There is no rule that says that small types or enums should always be passed by value. There is plenty of code that passes int& parameters, because they rely on the semantics of passing by reference. Also, you should keep in mind that for any relatively small data type, you won't notice a difference in speed between passing by reference and by value.
That said, if you have a very large structure, you probably don't want to make lots of copies of it. This is where const references are handy. Do keep in mind though that const in C++ is not strictly enforced (even if it's considered bad practice, you can always const_cast it away). There is no reason to pass a const int& over an int, although there is a reason to pass a const ClassWithManyMembers& over a ClassWithManyMembers.
All of the structs that you listed I would say are fine to pass by value if you are intending them to be treated as values. Consider that if you call a function that takes one parameter of type struct Rectangle{int x, y, w, h}, this is the same as passing those 4 parameters independently, which is really not a big deal. Generally you should be more worried about the work that the copy constructor has to do - for example, passing a vector by value is probably not such a good idea, because it will have to dynamically allocate memory and iterate through a list whose size you don't know, and invoke many more copy constructors.
While you should keep all this in mind, a good general rule is: if you want refence semantics, pass by refence. Otherwise, pass intrinsics by value, and other things by const reference.
Also, C++11 introduced r-value references which complicate things even further.
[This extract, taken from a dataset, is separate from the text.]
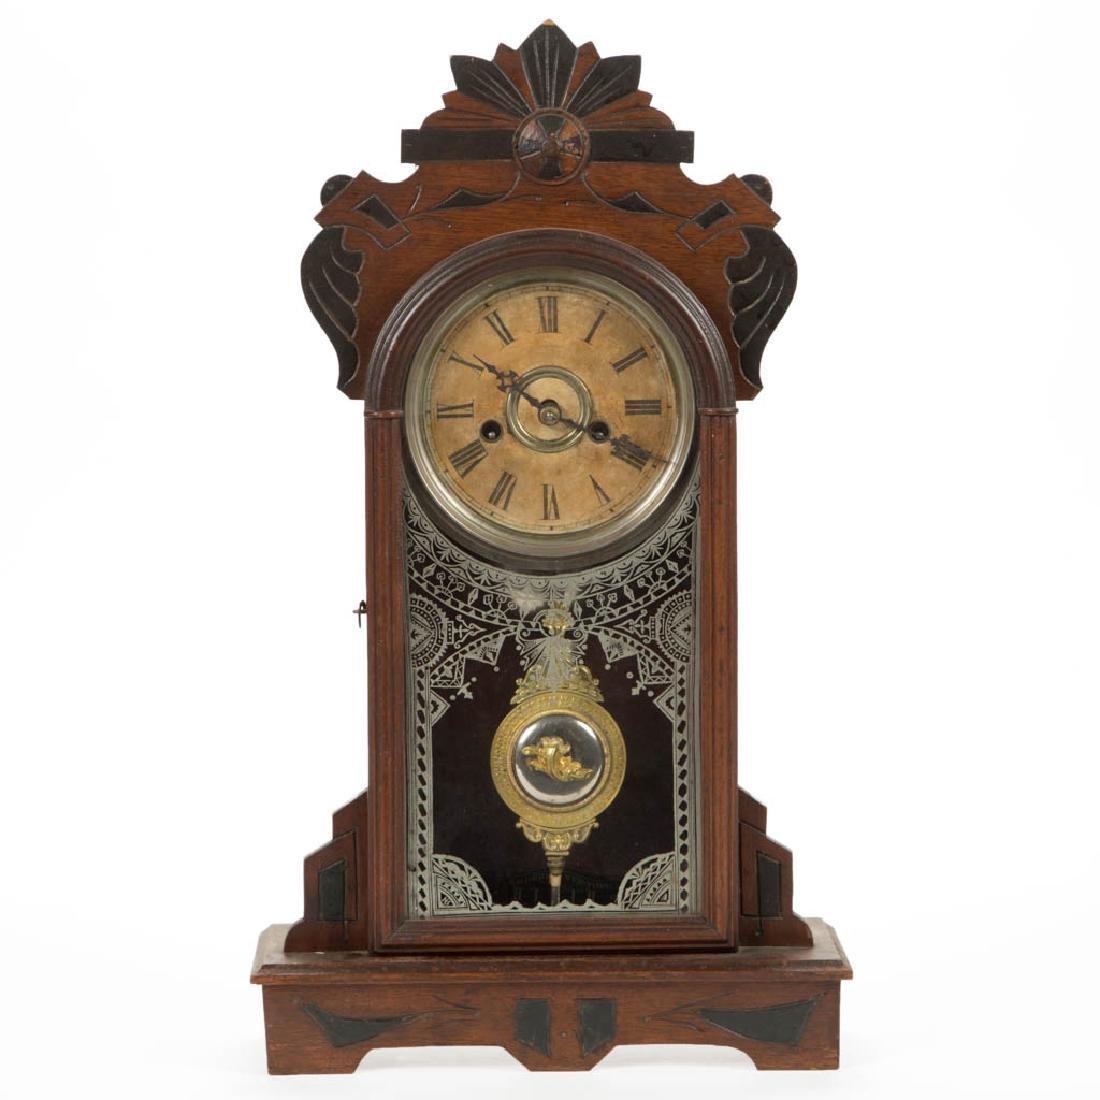 F. KROEBER KITCHEN SHELF CLOCK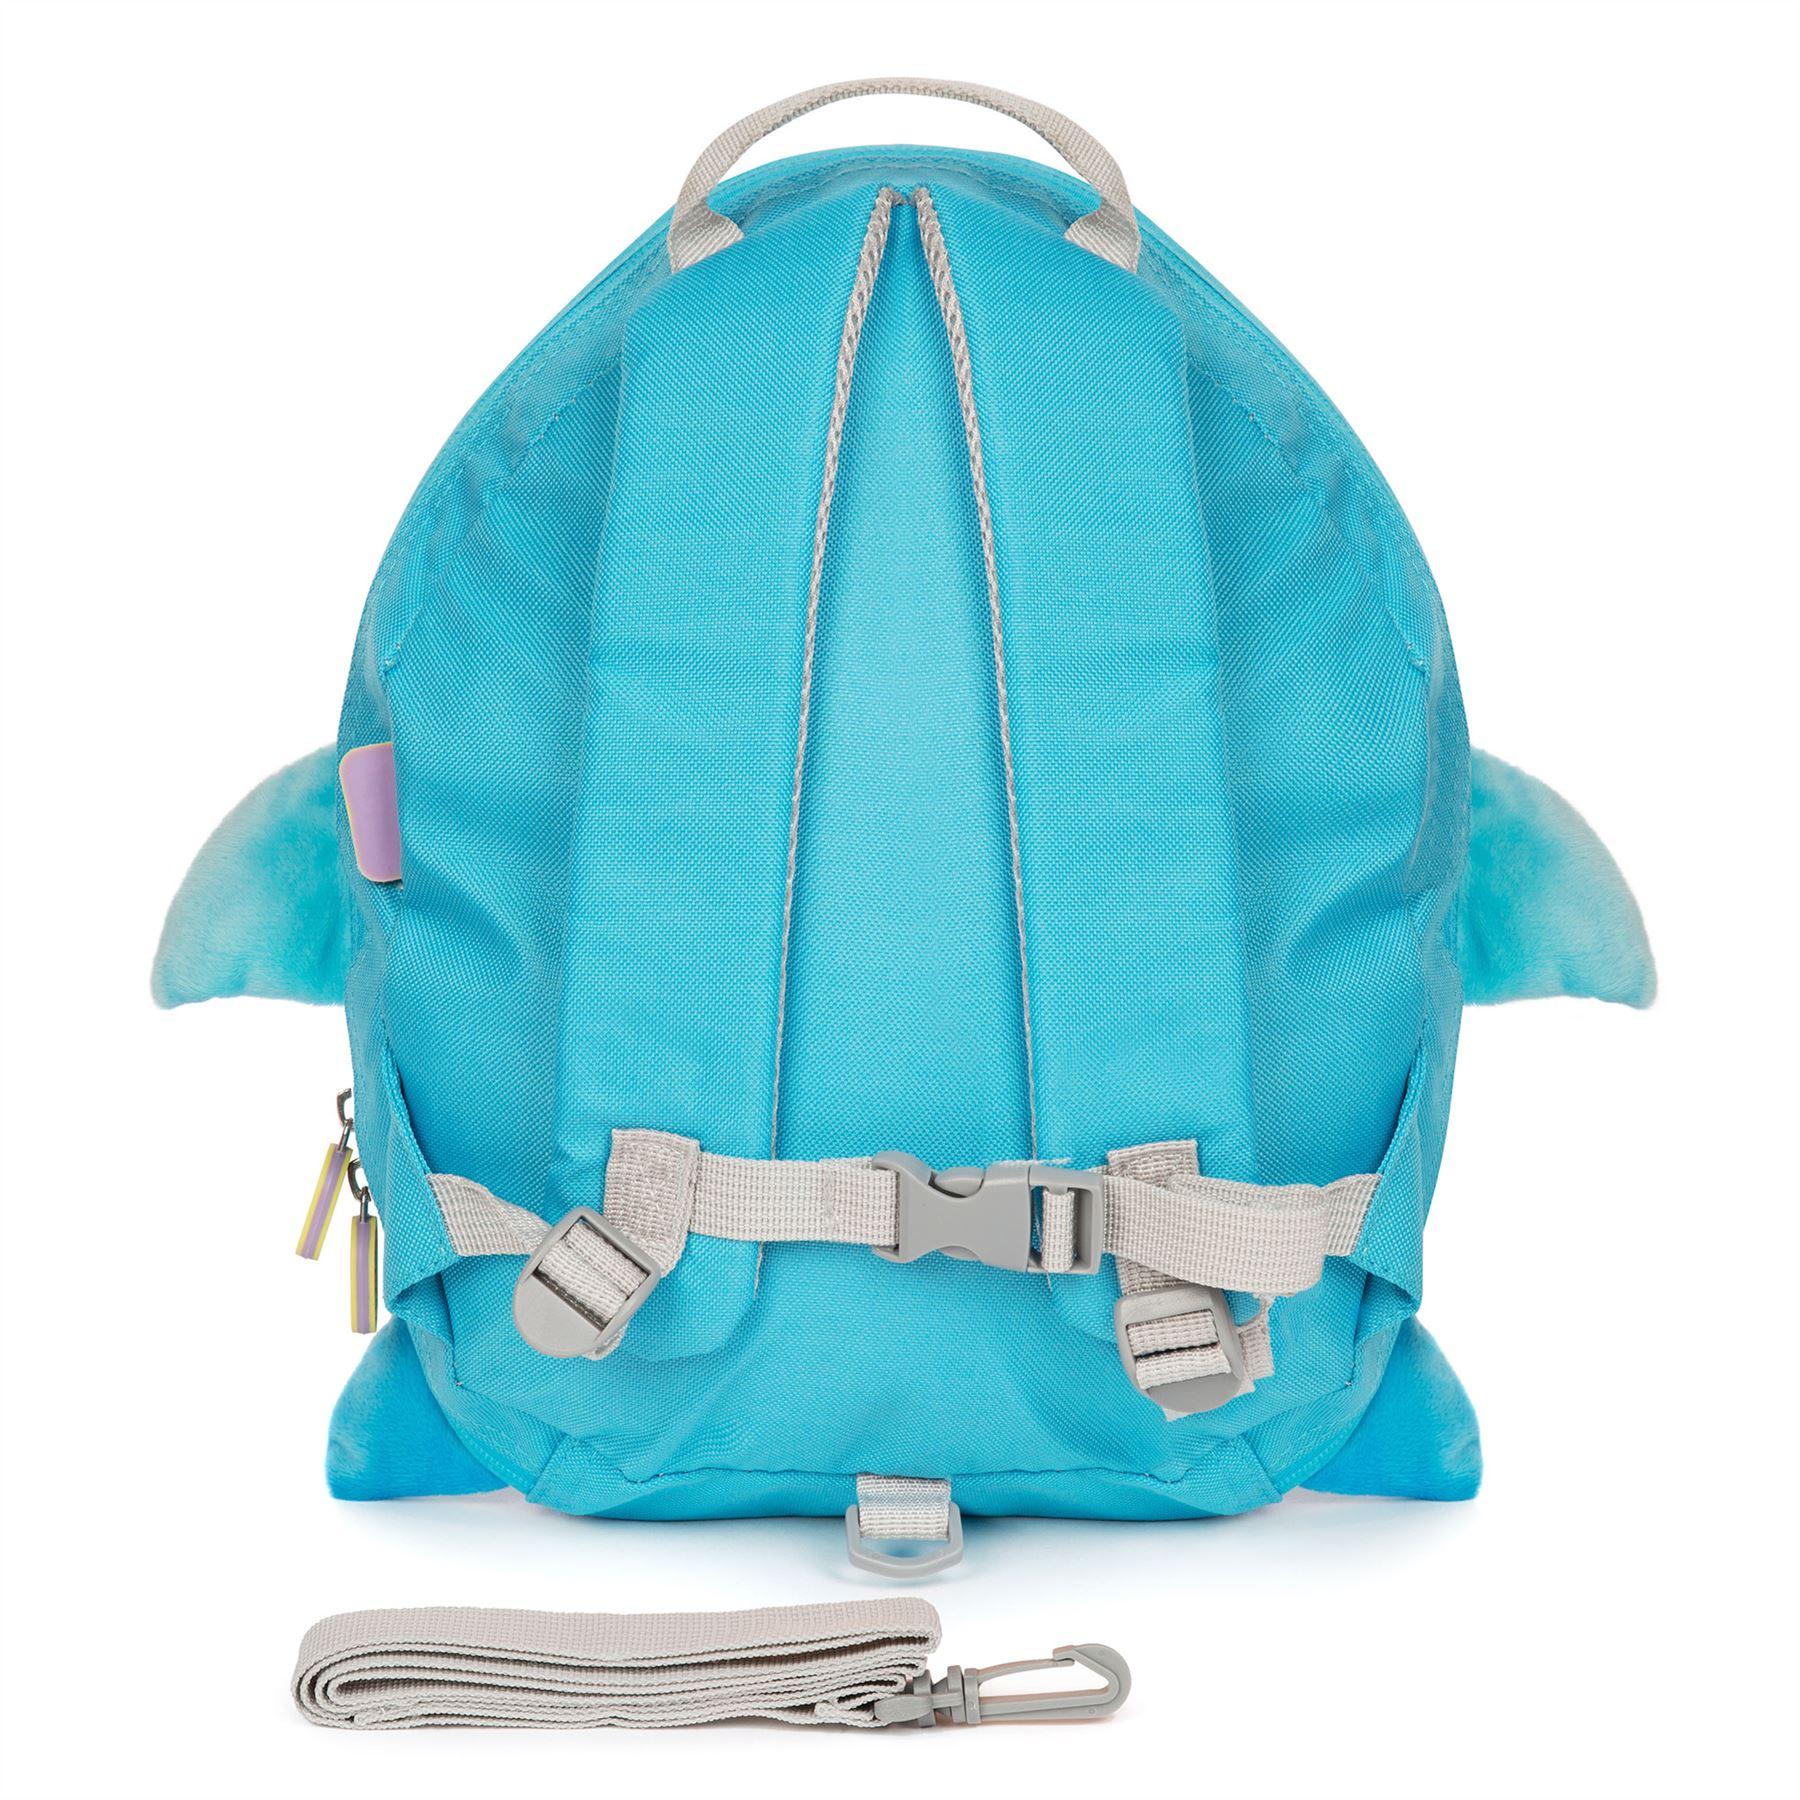 Boppi Tiny Trekker Enfants Sac à dos de voyage sac de vacances Back to School sac à dos

But that's a different topic.
These are the rules that I use:
for native types:
by value when they are input arguments
by non-const reference when they are mandatory output arguments
for structs or classes:
by const reference when they are input arguments
by non-const reference when they are output arguments
for arrays:
by const pointer when they are input arguments (const applies to the data, not the pointer here, i.e. const TYPE *)
by pointer when they are output arguments (const applies to the data, not the pointer)
I've found that there are very few times that require making an exception to the above rules. The one exception that comes to mind is for a struct or class argument that is optional, in which case a reference would not work. In that case I use a const pointer (input) or a non-const pointer (output), so that you can also pass 0.
If you want a copy, then pass by value. If you want to change it and you want those changes to be seen outside the function, then pass by reference. If you want speed and don't want to change it, pass by const reference.

what functions are called when passing value to function

In C++, if an object of a class is passed as a parameter into a function, the copy constructor of the class will be called.
I was wondering if the object is of nonclass type, what function will be called?
Similarly in C, what function is called when passing values or address of variables into a function?
Thanks and regards!
No function will be called; the bytes composing the object will simply be copied to the correct place for the callee (be that a location in memory or a register).
The copy constructor is only called if the object is being passed by value (and is a non-POD type). This is one of the reasons that it is common practice to pass objects by reference and const reference should you not wish the object to be changed by the function.
No function is called.
Since non-object types don't have methods, they are simply copied onto the stack to be used as-is by your function.
It depends on the implementation, but in some cases you may incur a function call if you are passing a floating-point value into a function expecting a value of integral type. (This is an implementation detail rather than part of the language, it's true, but it's no less worth taking account of because of that. And such conversions are often slow in any event, function call required or not.)